Лихая година - Гладков Федор Васильевич 3 стр.


Друзья‑то познаются в беде. Вот мы и побеседуем - пообсудим, как нам эту окаянную холеру из деревни вытурить. Я тоже на лекаря учусь и послан сюда земством. А ты, грамотей, бывалый паренёк, расскажешь, как вы на Девяти футах бедовали…

- Да ведь нам не велят ходить на ту сторону и сторонским к нам… - вкрадчиво напомнил Миколька.

Студент озадаченно поднял брови.

- Ах, да… верно… Впрочем, и мне от господ Измайловых влетит: медик прислан с холерой бороться, а сам её в дом тащит.

Этот студент сразу покорил меня - в нём всё было привлекательно: и весёлая простота, и словоохотливость, и размашистость. Даже студенческий картуз, казалось, смеялся у него на волосатой голове, а румяные щёки в жёлтой шерсти и вздёрнутый нос были жизнерадостны и беззаботны. Холерный мор в деревне и угрюмая тревога мужиков как будто совсем его не беспокоили. Студент Измайлов держался отчуждённо, по–барски, и видно было, что он недоволен поведением своего товарища: ему, должно быть, не нравилось, как он вёл себя с нами панибратски.

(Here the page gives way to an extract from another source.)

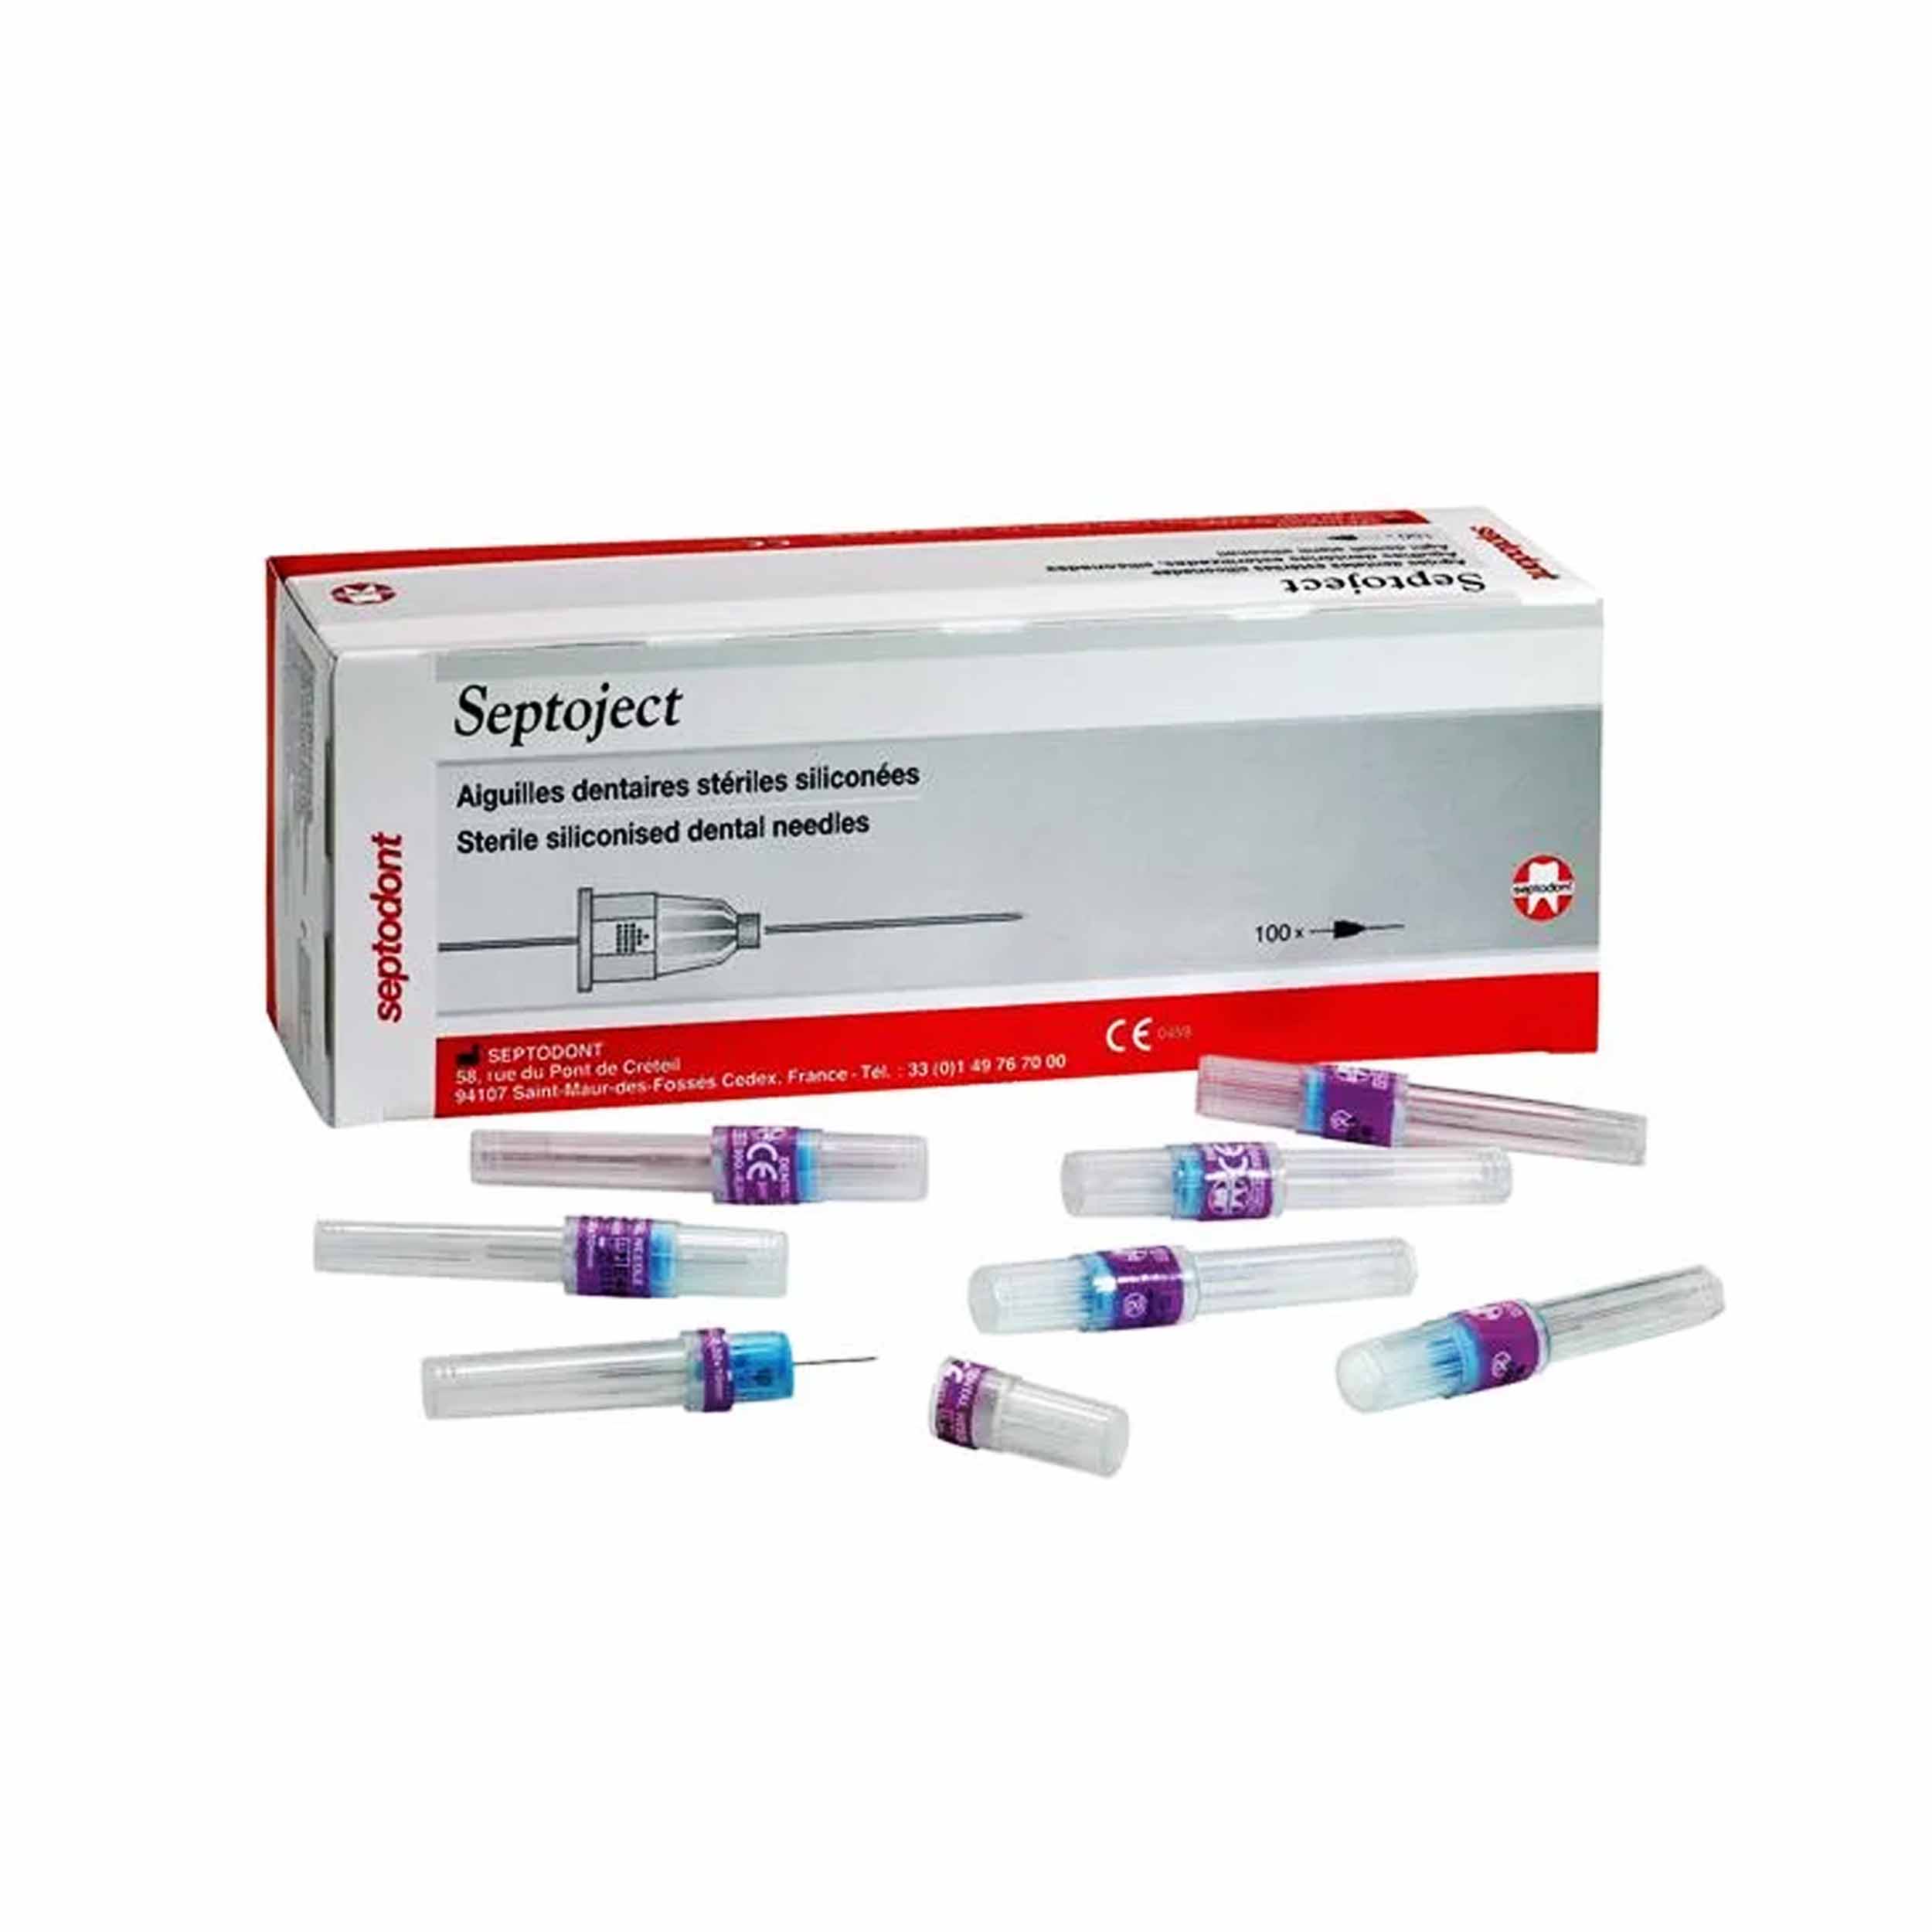 Septodont Septoject Needles For Dental Cartridge Syringe 27g/35mm

- Ну, поехали, Антон, хватит! -нетерпеливо крикнул он, укрощая коня, которого одолевали мухи. -Тебе ещё надо к больным… Погляди‑ка, наверху мужики собираются.

Высоко, у самого обрыва, откуда уступочками спускалась узенькая дорожка, плечом к плечу стояли пятеро бородатых мужиков с кольями и железными вилами. Они молча и раздумчиво смотрели на нас и не шевелились. Антон приказал Микольке отнести мешочек на дрожки и строговато крикнул мужикам:

- Скажите бабам, что воду из колодца можно и вёдрами брать, а не месить грязь! Мы её извёсткой засыпали. Только воду долго дома держать нельзя: пускай не ленятся свежую да студёную приносить.

Они оба вскочили на дрожки, и лошадь гибко и ладно пошагала к речке по пологому спуску. Блестяще-чёрные дрожки казались лёгкими, а оглобли, выгнутые, упругие, и маленькая дуга, тоже тоненькая и чёрная, были очень нарядны. Красивая, атласная, с гибкой шеей, лошадка бежала танцующим перебором ног.

Мужики стояли наверху, опираясь на вилы и колья, и смотрели на дрожки и на белую россыпь извёстки на чёрном месиве трясины перед длинной колодой. Только Иванка Юлёнков егозил перед ними, приседал, тыкал пальцем в землю и в стороны и, встряхивая бородёнкой, яростно повизгивал. Миколька глядел на мужиков и скалил зубы. Он весь сморщился от смеха и крикнул:

- Эка, приползли сюда от большого ума… Делать‑то нечего…

III

С утра до ночи брели, как больные, по улицам сторонние голодающие. Они подходили к каждой избе, стонали и ныли перед окнами. Одни были худые до жути, словно мёртвая кожа присохла к костям, другие, опухшие, синие, едва шагали и тупо молчали, только с натугой протягивали руки. И странно, детишки не плакали, а тоже казались полумёртвыми, словно разбухли от водянки. В открытых окошках чернела пустота, а если и выглядывали старик или баба, то безмолвно отмахивались от проходящих или показывали чёрный, как вар–смола, кусок и скорбно трясли головами. Потом караульщикам на околицах было приказано не пускать голодающих в село, и они брели по полям и, как саранча, поедали пустые колосья. Говорили, что мертвецы лежали по дорогам и межам и их закапывали на месте. А иных находили обглоданными до костей не то бродячими собаками, не то волками. Ещё издалека было видно, как на полях дрались в воздухе ястреба и вороньё, и люди по наряду шли с лопатами на эту суматоху стервятников.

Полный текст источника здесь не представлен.